───── Records for the task ─────

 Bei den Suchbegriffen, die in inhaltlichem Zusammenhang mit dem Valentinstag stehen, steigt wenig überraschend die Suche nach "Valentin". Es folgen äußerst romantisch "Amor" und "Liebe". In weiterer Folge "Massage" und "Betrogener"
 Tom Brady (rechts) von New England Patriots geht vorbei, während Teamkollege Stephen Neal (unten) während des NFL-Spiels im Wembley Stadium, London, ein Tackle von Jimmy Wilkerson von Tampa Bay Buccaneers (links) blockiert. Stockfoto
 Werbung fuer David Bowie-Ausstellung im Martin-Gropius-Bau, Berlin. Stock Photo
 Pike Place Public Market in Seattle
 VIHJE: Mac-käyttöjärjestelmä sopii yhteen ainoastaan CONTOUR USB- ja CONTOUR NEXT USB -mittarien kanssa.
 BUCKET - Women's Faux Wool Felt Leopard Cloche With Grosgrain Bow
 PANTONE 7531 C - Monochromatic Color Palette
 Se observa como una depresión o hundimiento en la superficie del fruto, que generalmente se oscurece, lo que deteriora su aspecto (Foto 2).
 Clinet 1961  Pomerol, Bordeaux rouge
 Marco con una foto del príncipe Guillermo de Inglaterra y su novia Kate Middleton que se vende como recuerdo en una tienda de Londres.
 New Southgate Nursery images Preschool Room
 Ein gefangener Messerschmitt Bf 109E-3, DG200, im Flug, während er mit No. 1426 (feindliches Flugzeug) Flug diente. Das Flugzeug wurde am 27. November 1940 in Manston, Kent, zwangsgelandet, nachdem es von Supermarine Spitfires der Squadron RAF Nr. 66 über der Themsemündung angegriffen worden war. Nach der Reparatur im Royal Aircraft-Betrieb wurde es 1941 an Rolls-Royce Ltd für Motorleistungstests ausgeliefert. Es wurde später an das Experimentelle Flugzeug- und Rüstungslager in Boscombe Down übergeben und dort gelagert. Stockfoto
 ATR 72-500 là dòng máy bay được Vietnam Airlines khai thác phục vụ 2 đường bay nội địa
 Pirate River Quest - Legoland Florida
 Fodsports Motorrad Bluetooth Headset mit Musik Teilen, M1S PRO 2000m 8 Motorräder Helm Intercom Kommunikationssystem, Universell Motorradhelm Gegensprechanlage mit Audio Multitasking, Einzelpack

─────

# [Your instructions]
Copy out, from the data above, each line where the string "Stockfoto" is present.

# [Final answer]
 Tom Brady (rechts) von New England Patriots geht vorbei, während Teamkollege Stephen Neal (unten) während des NFL-Spiels im Wembley Stadium, London, ein Tackle von Jimmy Wilkerson von Tampa Bay Buccaneers (links) blockiert. Stockfoto
 Ein gefangener Messerschmitt Bf 109E-3, DG200, im Flug, während er mit No. 1426 (feindliches Flugzeug) Flug diente. Das Flugzeug wurde am 27. November 1940 in Manston, Kent, zwangsgelandet, nachdem es von Supermarine Spitfires der Squadron RAF Nr. 66 über der Themsemündung angegriffen worden war. Nach der Reparatur im Royal Aircraft-Betrieb wurde es 1941 an Rolls-Royce Ltd für Motorleistungstests ausgeliefert. Es wurde später an das Experimentelle Flugzeug- und Rüstungslager in Boscombe Down übergeben und dort gelagert. Stockfoto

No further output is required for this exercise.